In `@archon-ui-main/src/services/credentialsService.ts`:
- Around line 19-27: getRagSettings() is only rehydrating keys that exist in the
settings default object and the string-field whitelist, so newly added RAG keys
(RERANKING_MODEL, OLLAMA_CHAT_AUTH_TOKEN, OLLAMA_EMBEDDING_AUTH_TOKEN) get
persisted by the UI but dropped on reload; update the settings default object
and the string-field whitelist used by getRagSettings() (and the equivalent
whitelists referenced around getRagSettings() usage at the other similar blocks)

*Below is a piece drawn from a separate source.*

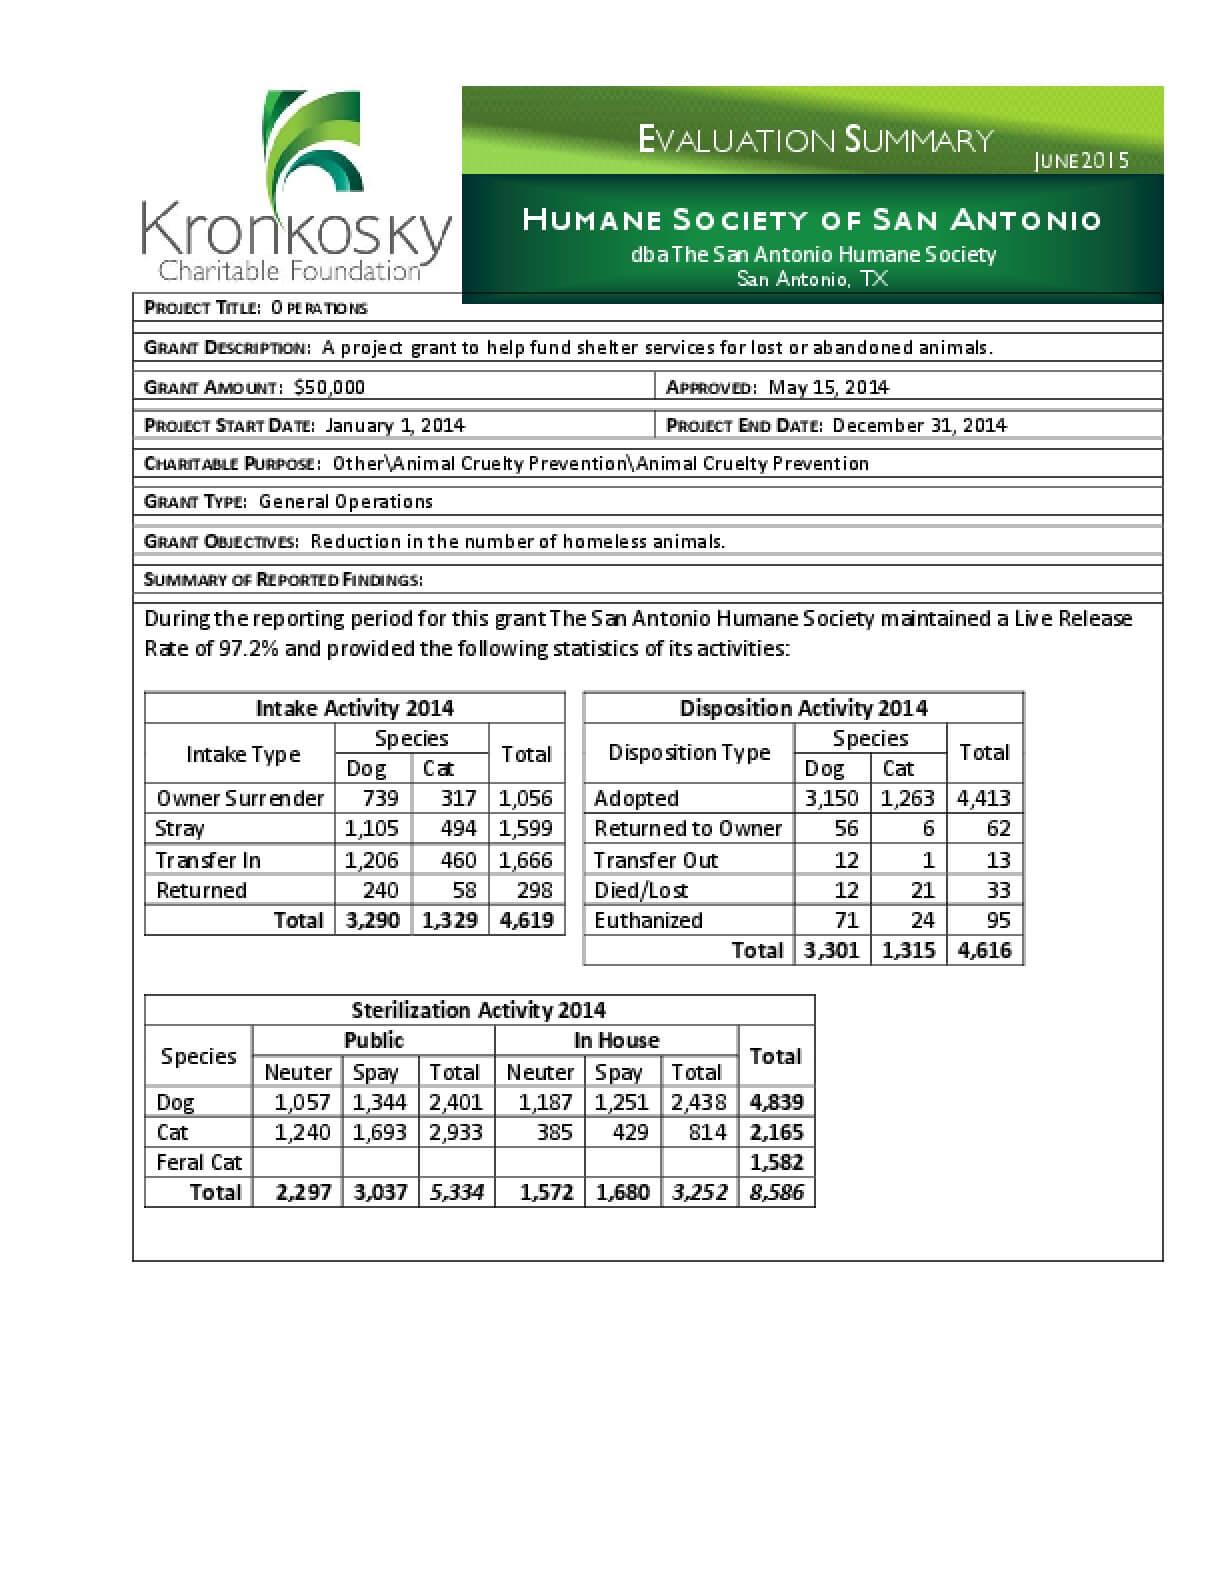 Humane Society of San Antonio Evaluation Summary

to include RERANKING_MODEL, OLLAMA_CHAT_AUTH_TOKEN, and
OLLAMA_EMBEDDING_AUTH_TOKEN so those keys are recognized during rehydration and
survive reloads.
In `@python/pyproject.toml`:
- Around line 51-53: The new Python deps ("pdf2image", "pytesseract") require
system binaries that are not installed by python/Dockerfile.server; update
python/Dockerfile.server to install the required OS packages (e.g.,
poppler-utils and tesseract-ocr, and optionally libtesseract-dev) via apt-get
(RUN apt-get update && apt-get install -y poppler-utils tesseract-ocr) so
pdf2image and pytesseract work inside the container, then rebuild the server
image.
In `@python/src/server/services/embeddings/embedding_service.py`:
- Around line 130-160: The current loop in create_embeddings_batch (using
results, embeddings, errors) collapses out failed items and returns a shorter
embeddings list which misaligns with input batch indices; instead preserve
positional mapping by returning a list whose length equals len(results) where
each index contains the embedding vector or None (or an explicit per-index
success/failure marker), keep collecting errors in errors as you already do, and
keep the existing "all failed" EmbeddingAPIError behavior when embeddings are
all missing; update the return to deliver this per-index list (and/or a (list,
errors) tuple) so callers can map embeddings back to the original batch
positions without corrupting data.
In `@python/src/server/services/ollama/model_discovery_service.py`:
- Around line 122-129: The discovery and health caches are currently keyed only
by instance_url and therefore can return anonymous/truncated results for
authenticated requests; update discover_models (and the health-check methods
referenced) to include the auth context in the cache key (e.g., (instance_url,
auth_token or normalized auth_context)) or skip caching when auth_token is
present. Locate the cache lookup/insert usage in discover_models and the health
cache code paths and change the key construction to incorporate the token or
other auth context (or add a short-circuit that bypasses cache when auth_token
is non-null) so authenticated and anonymous responses are never conflated.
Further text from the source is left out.